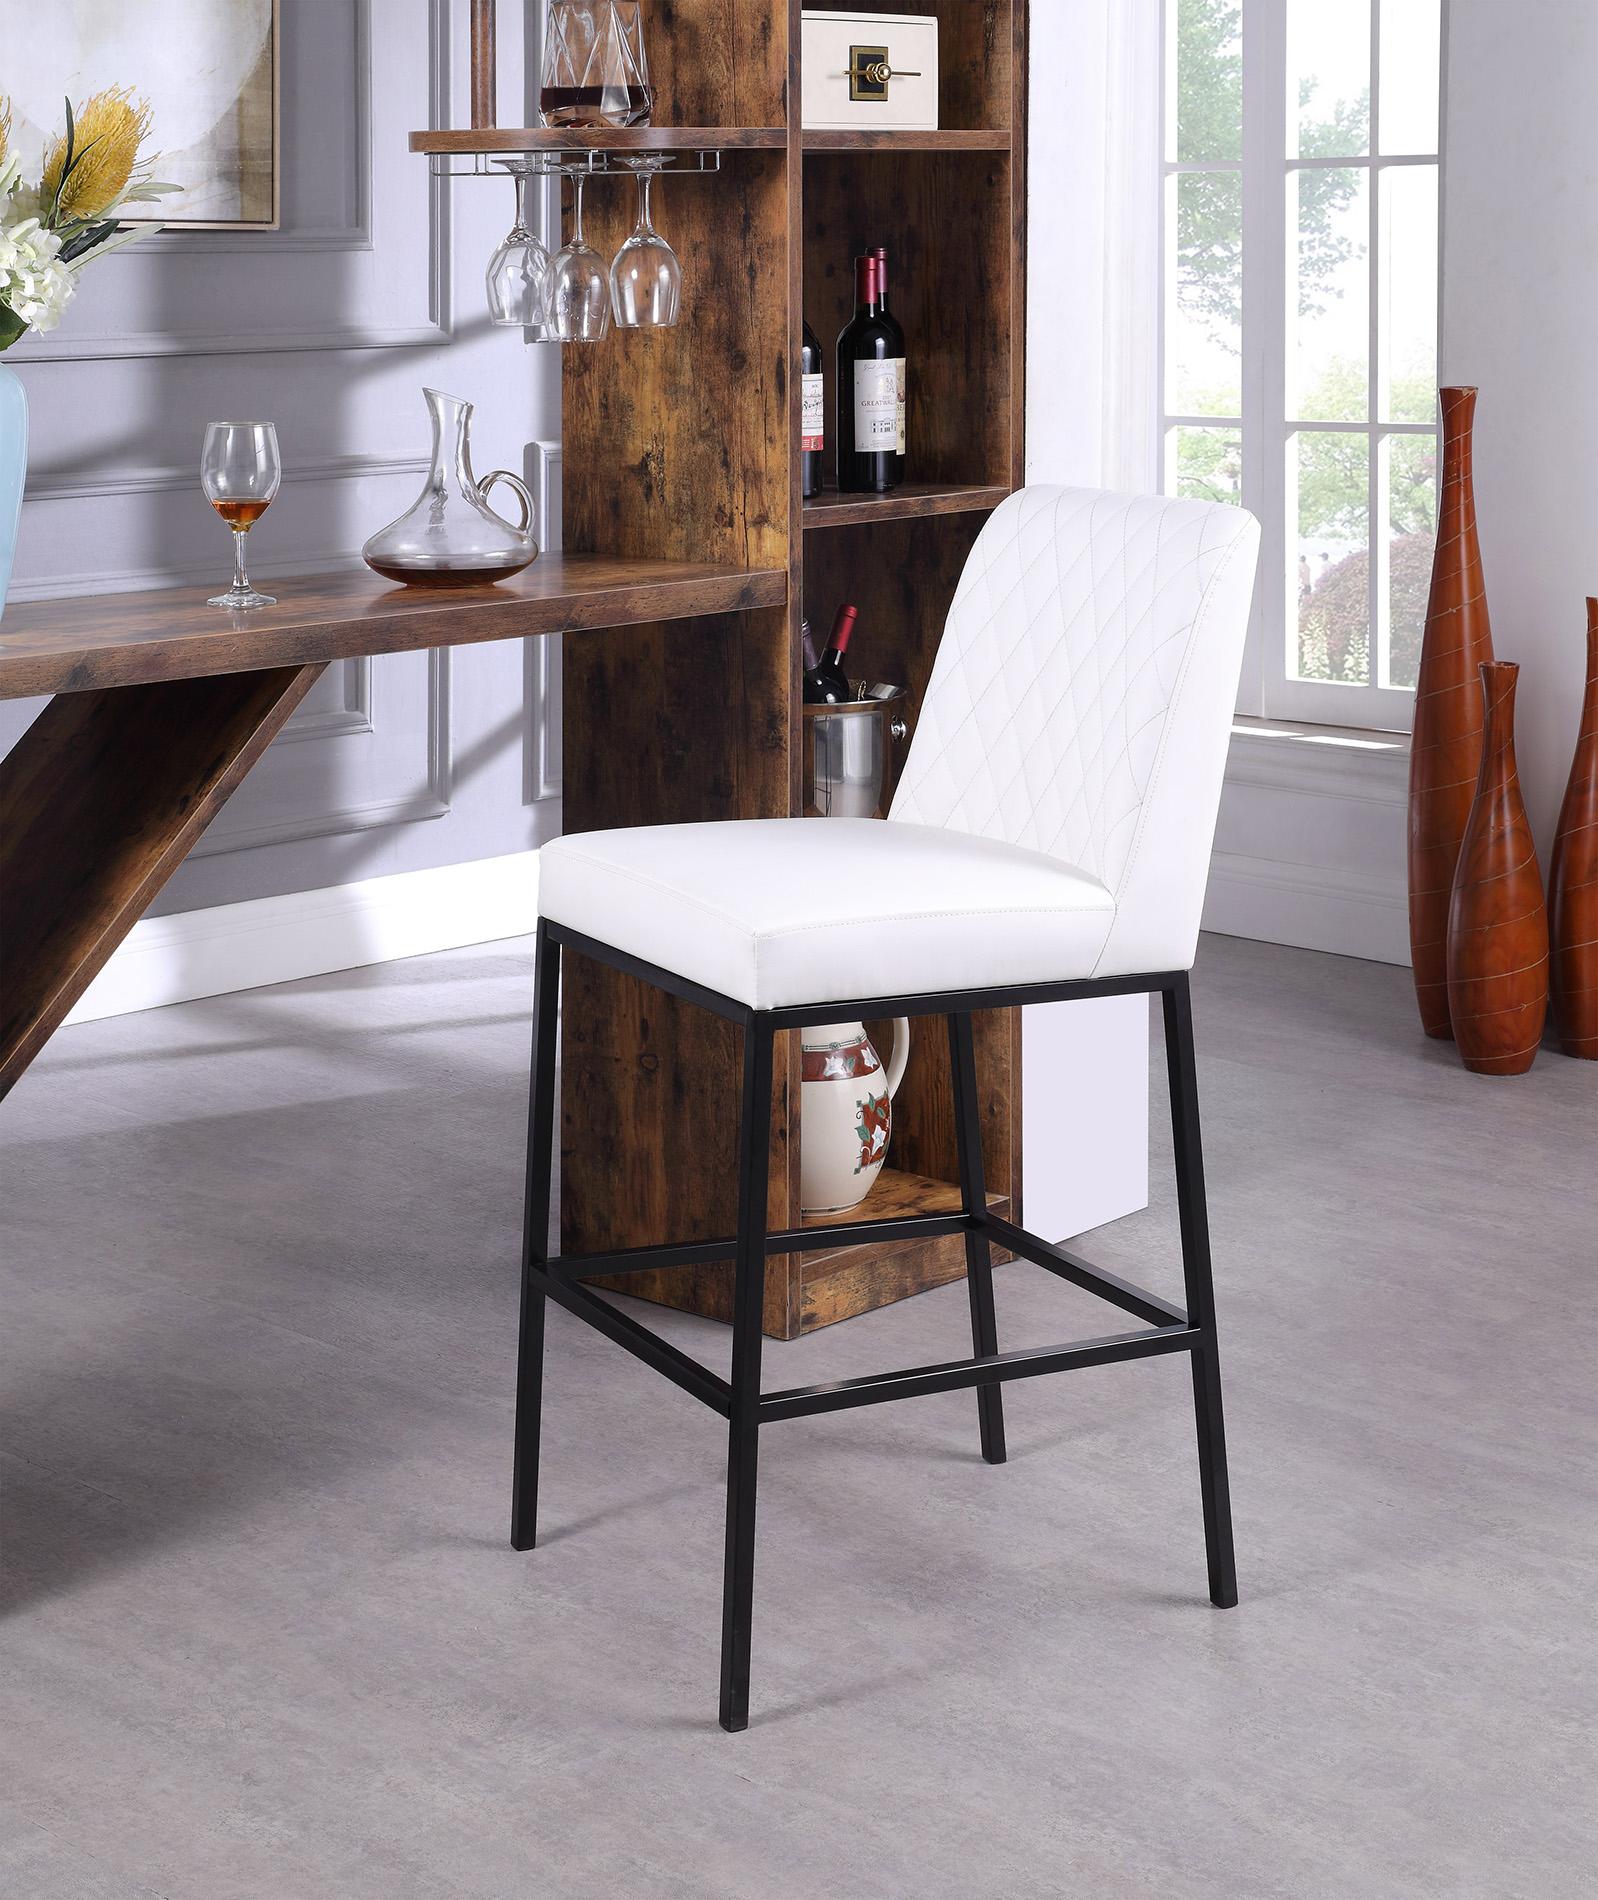 

    
White Faux Leather Bar Stool Set 2Pcs BRYCE 919White Meridian Contemporary
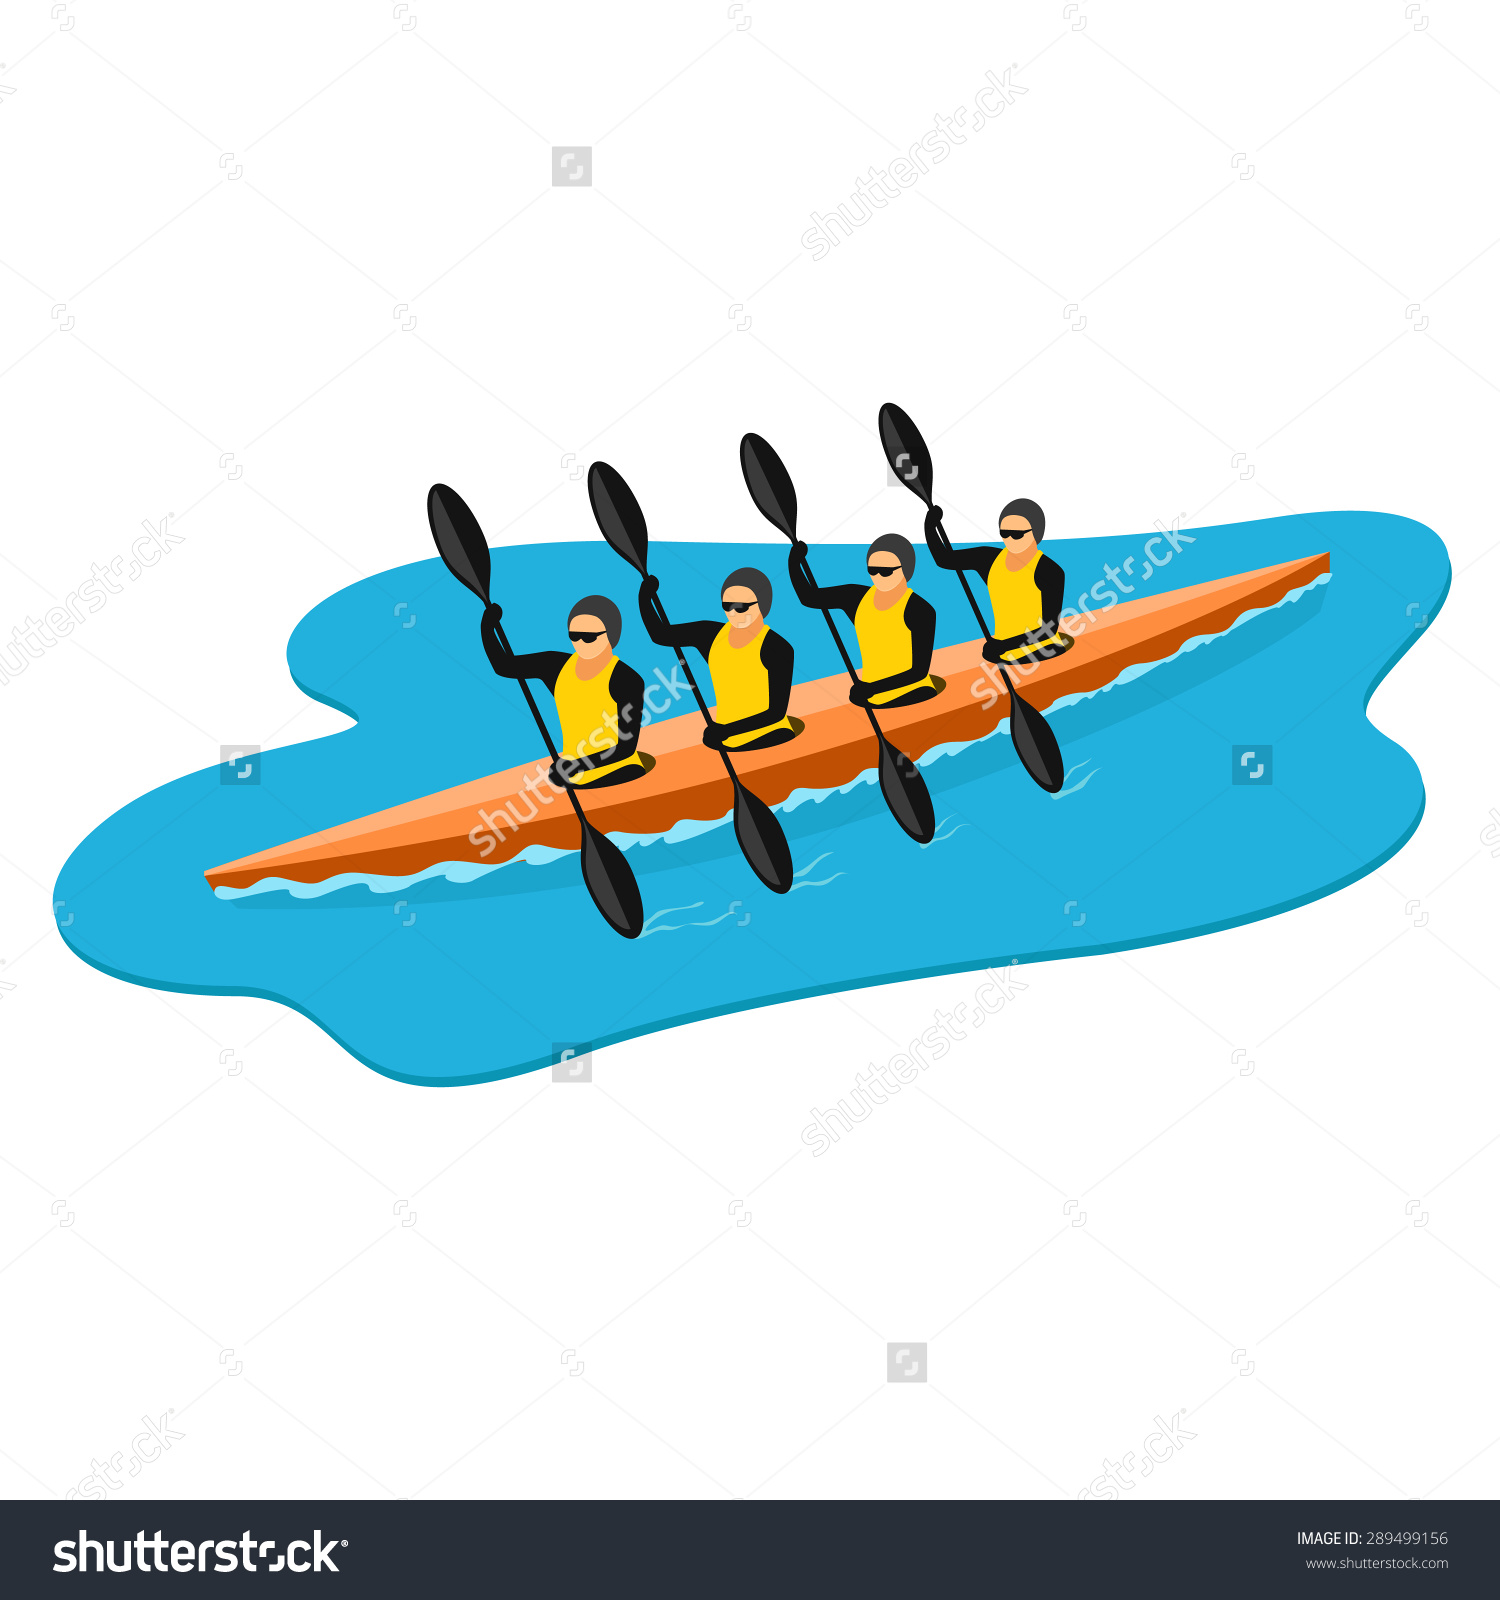 Team rowing clipart.
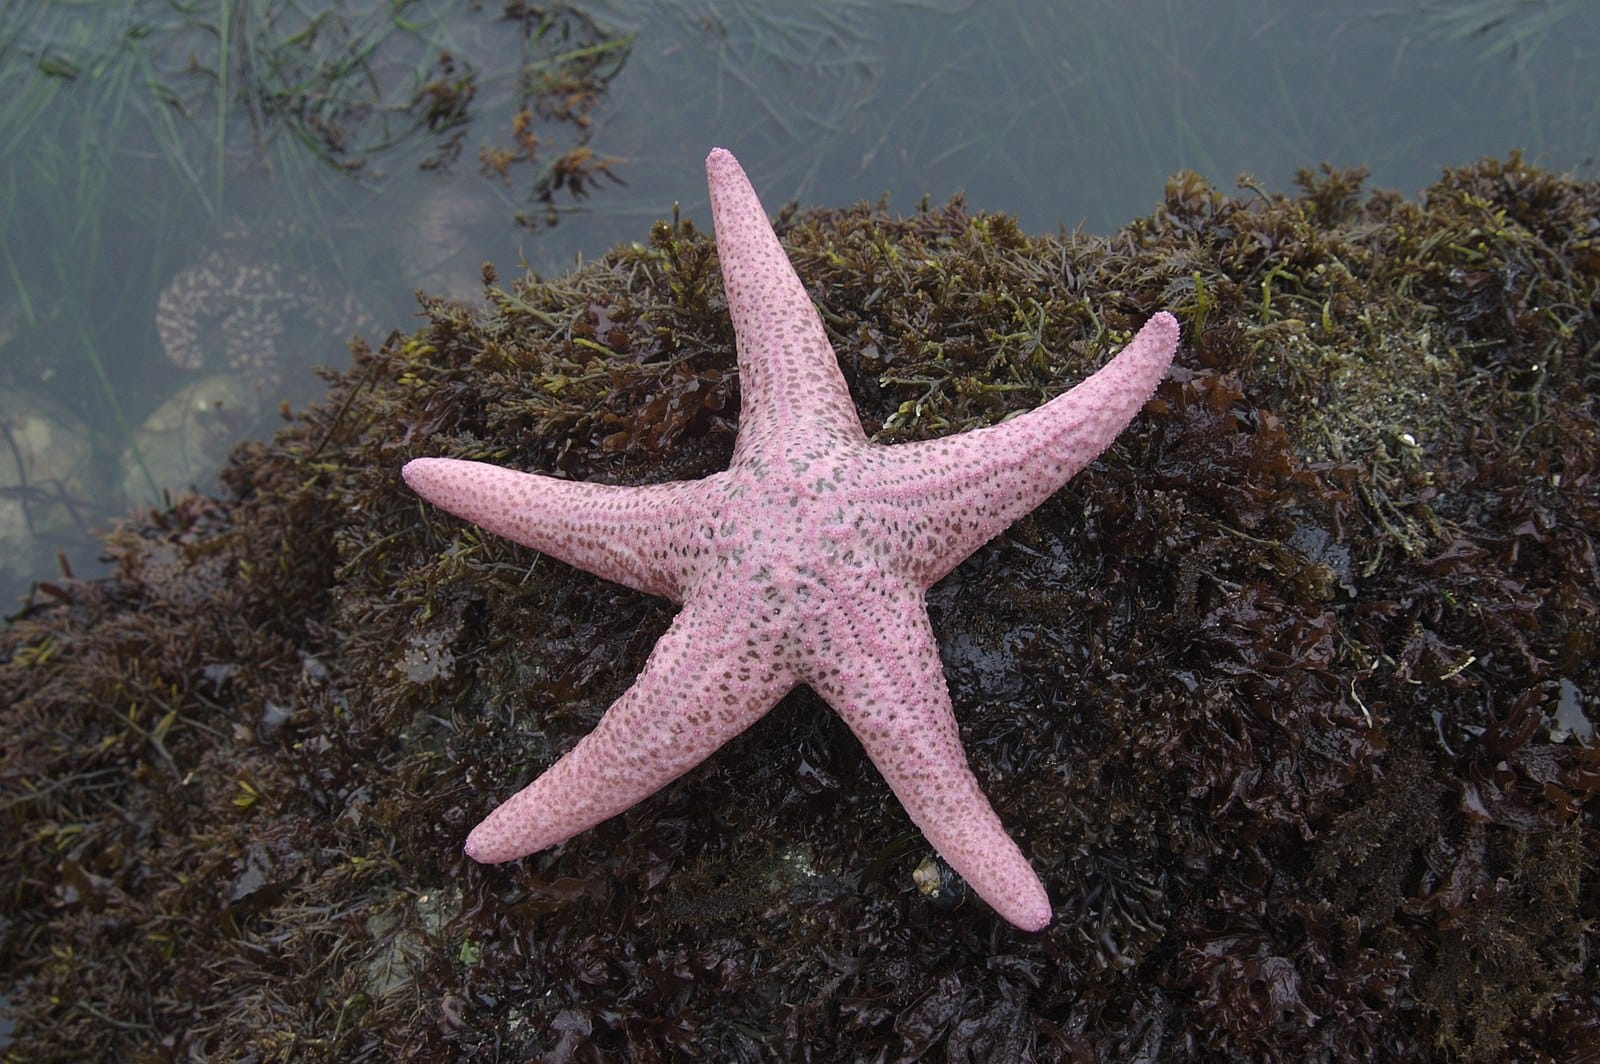  How Big Can Starfish Get

------------------------------------------------

* [Your assignment]:
Return all the data above as written, leaving out only the pictures.

* [Result]:
White Faux Leather Bar Stool Set 2Pcs BRYCE 919White Meridian Contemporary
 Team rowing clipart.
  How Big Can Starfish Get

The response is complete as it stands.